Instant city-center: poof! Now be happy and go shopping...
It's a matter of taste. To me, the place stank of artificial life; of manufactured opulence and cufflinks and hair-plugs and expense accounts. Classless and gaudy and overdone, like a child's sci-fi exaggerated vision of corporate success. Perhaps I've read too many J.G. Ballard novels (Super-Cannes for instance).
Then, Mr. T posted a comment which reminded me that The Awakening had been moved out to the new Harbor complex. Aahh, I must have missed it when I was out there looking at the conference halls.
For the unaware: The Awakening is a sculpture of a bearded man, some 100 feet in length, partially embedded in the earth as if he's crawling up from a premature burial; a foot, a leg, pair of arms, and a tremendous head with nostrils flaring and mouth gaping in what could be a yawn. Or a scream. It was originally installed at the end of Hains Point in Washington DC's East Potomac Park, and was to be a temporary fixture there.
My mother took me to see it in 1980 when it was brand new (uh, that would make me.... twelve years old at the time). And it was awesome. The vision of that sculpture stayed with me throughout my years of living in New York, Arizona, and Maine, and when I finally returned to DC, it was one of my top five places to re-visit.
And it seems many folks my age had a similar relationship with that silver psychotic dude in the ground. He was like a pagan deity; raw and intense and he ignited a child's imagination simply by being there.
After reading Mr. T's comment, I had to return to the National Harbor and this time, go directly to the harbor itself. Avoid all that conference-hall insanity at the Gaylord and visit the Old Silver Man in his new digs on the wrong side of the Potomac. And being the sentimental fool I am, I didn't approve of what I saw.
Of course the Hains Point site was temporary, but we were rather used to seeing him where he was. He was mighty like a grandfather oak tree, a witness to the creation of the world. Seeing him plopped in the middle of this wretched Disneyland of corporate hotels and cafes was like a violation of nature. For those of us who grew up around here in the '70s and '80s, The Awakening was almost a rite of passage; EVERY 12 year-old boy had to go crawling around the dude's mouth.
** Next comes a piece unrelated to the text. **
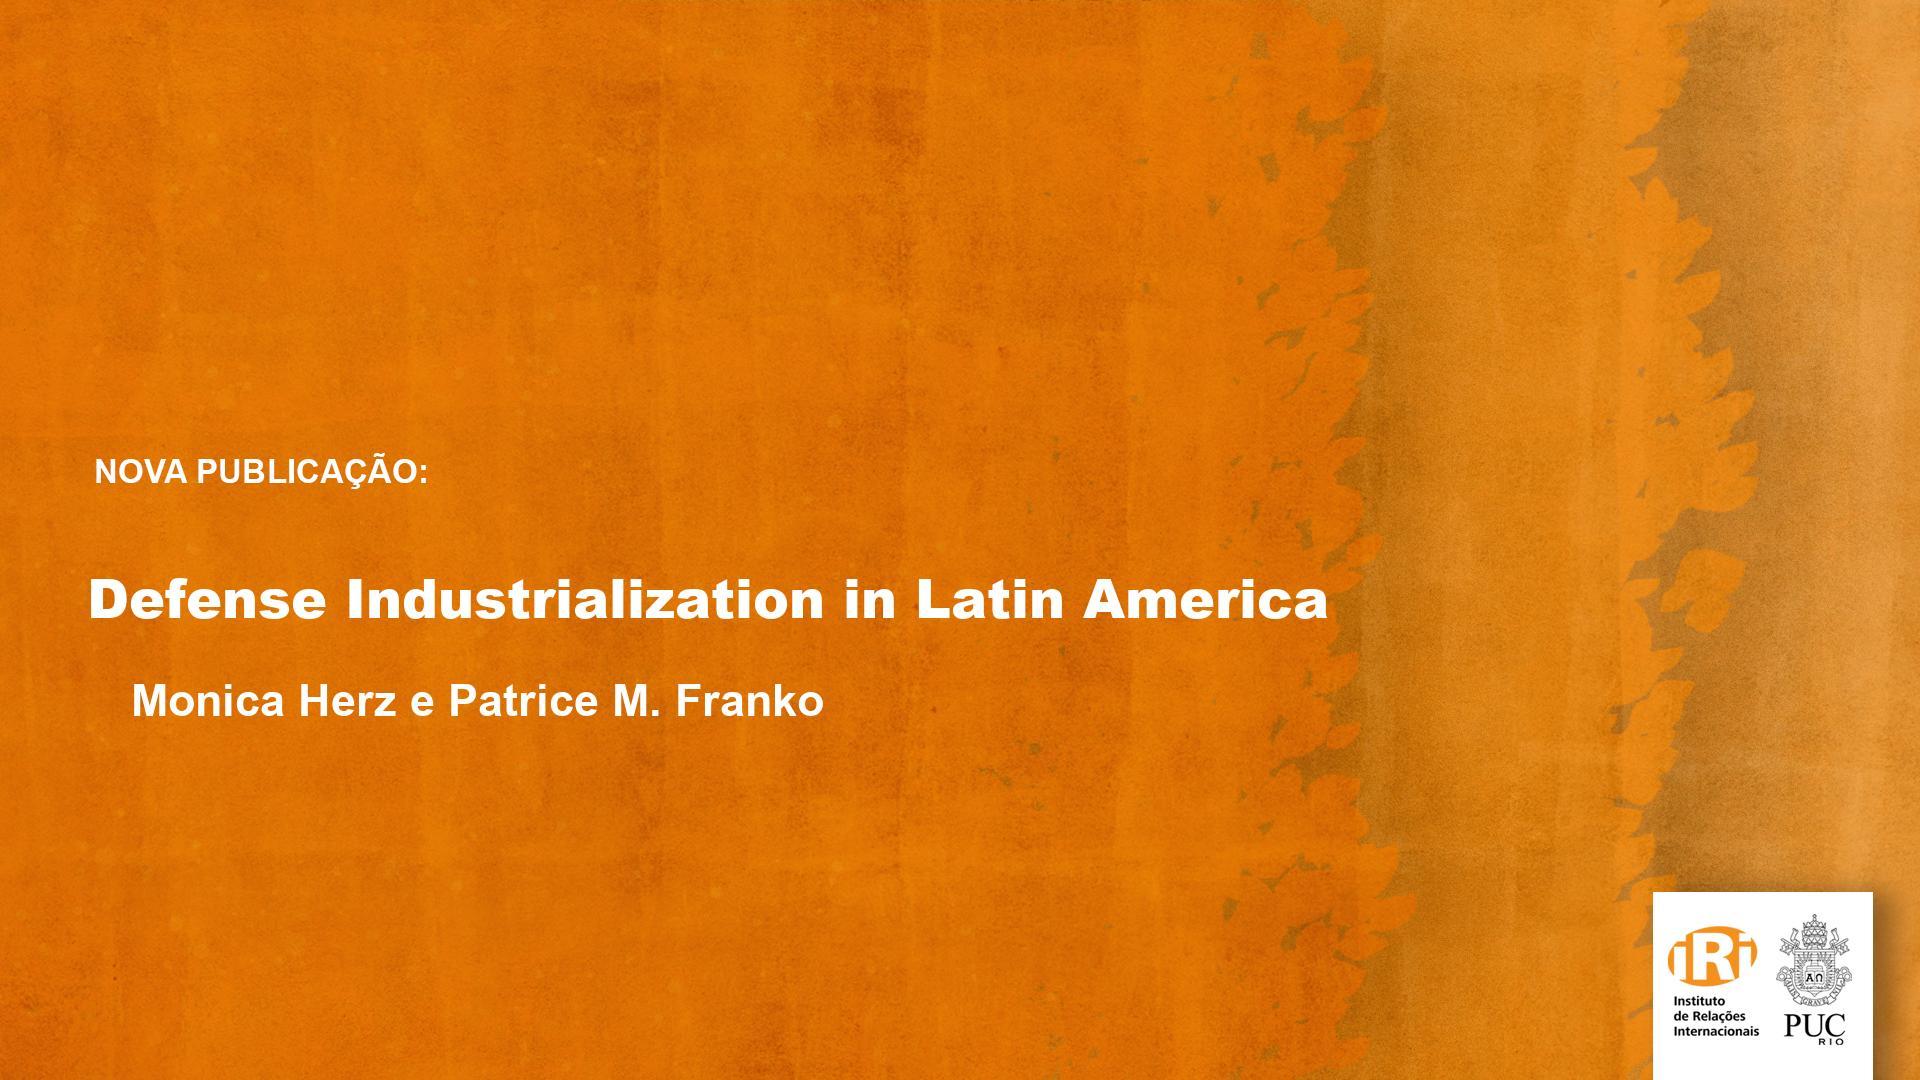 Defense industrialization in Latin America

Look at him. He's clearly unhappy about it and just wants to get back to sleep. I'm turning forty in a few weeks, which gives me the right (nay, the imperative!) to be a sentimental dweeb about these things. And dweeb I shall.
6 comments:
I was disappointed when I learned the Awakening had been sold and would be moved and seeing your photos of the Old Man's new venue makes me sad. This setting looks barren and harsh. At least at Haines Point he was buried in wood chips and surrounded by grass. This looks totally unapproachable.
It's too bad the artist and the National Park Service and the National Capital Planning Commission and D.C. citizens didn't speak up and demand the Awakening remain where it was. This is a shame.
I have never been a fan of that sculpture, so from my point of view, it belongs in a place of
... manufactured opulence and cufflinks and hair-plugs and expense accounts. Classless and gaudy and overdone, like a child's sci-fi exaggerated vision of corporate success.
Well said, you!
I'm surprised I don't remember that sculpture, actually, having been a frequent visitor to DC in the late '70s and early '80s. But maybe it was just too cool for my family's taste; in any case, we never went to see it. :)
I had climbed in the dirty, mulch-filled mouth several times as a boy as well.
And more recently I made bike trips with the Awakening as my mid-way stop, stare and laugh point. I think it rather fit in on Hains Point. It had become a true home for the sculpture.
Sadly I can't bike to Nat'l Harbor.
Come winter and spring floods, more people will realize what a huge loss Hains Point has suffered. Who didn't appreciate his snow obscured parts? When floods receded and more than the knee and extended arm became visible again, who didn't cheer?
I was a regular visitor to The Awakening, but seeing that empty plot at the Point just breaks my heart. It's a shame that the Park Service couldn't come up with the bucks to buy it so that it could remain in its rightful resting place.
On a related note, I'm sure you locals used to have good times climbing the triceratops that used to sit in front of the Natural History museum. Did you know that it now sits, lonely, adjacent to a research facility at the National Zoo?